Genus Actinobacillus The taxonomy of organisms classified with Actinobacillus was recently reviewed with focus on classification and identification including molecular based characterization, typing and identification (Christensen & Bisgaard, 2004). The revised definition of Actinobacillus sensu stricto only includes a single avian taxon, formerly known as avian haemolytic Actinobacillus -like organisms which presently is designated taxon 26. These organisms include four biovars which appeared heterogeneous on species level by DNA:DNA hybridizations (Piechulla et al., 1985). Taxon 26 has been obtained from sinusitis, conjunctivitis and septicaemia in web-footed birds in Europe and the US (Bisgaard, 1993).

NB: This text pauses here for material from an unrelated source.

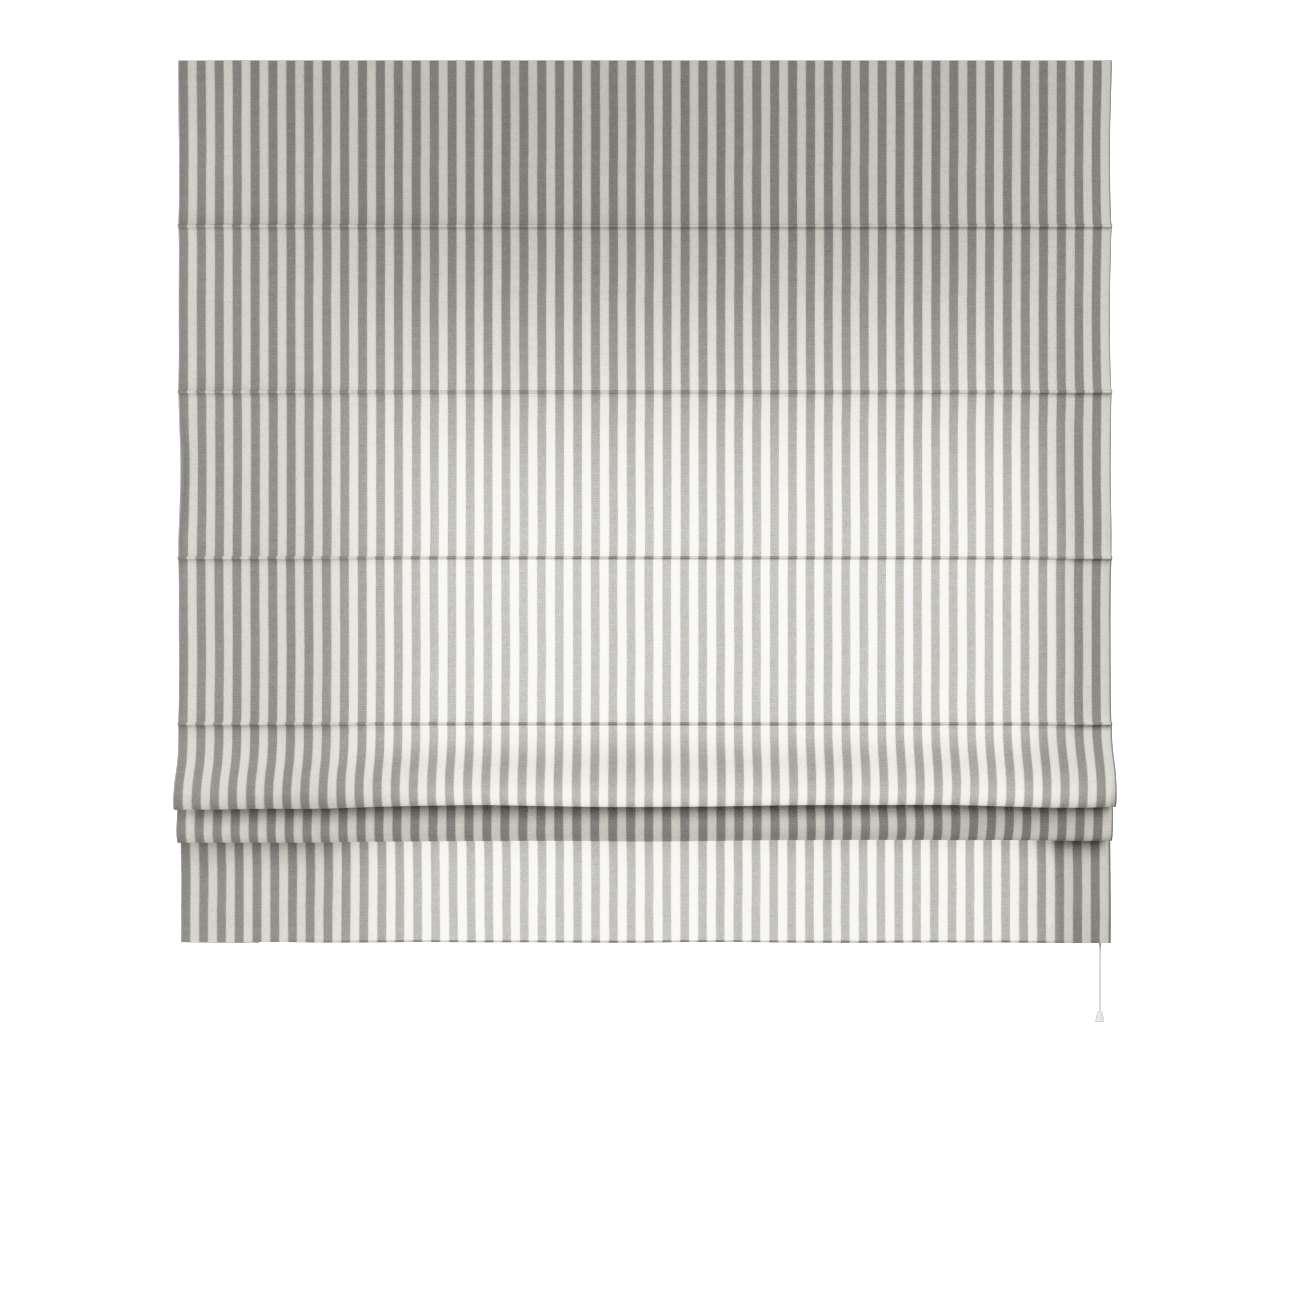 Padva roman blind  in collection Quadro, fabric: 136-12

Genus Gallibacterium A new genus, Gallibacterium , which incorporates organisms once known as avian Pasteurella haemolytica, Actinobacillus salpingitidis and Pasteurella anatis has recently been proposed by Christensen et al. (2003a), since these taxa form a monophyletic unit with similarities above 95% on the basis of 16S rRNA sequence comparison and they are unrelated with other genera of the family Pasteurellaceae . Similarities between strains of Av. paragallinarum and strains of Gallibacterium ranged between 92.7 and 94.8% while similarities of between 92.2 and 93.8% were obtained to Volucribacter and the unnamed taxa 2, 3 and 34 of Bisgaard. Three species of Gallibacterium, G. anatis and genomospecies 1 and 2 have been reported so far (Christensen et al., 2003a). A total of 21 different plasmid sizes varying between 1.9 and 14.5 kb was demonstrated, the significance of which remains to be investigated.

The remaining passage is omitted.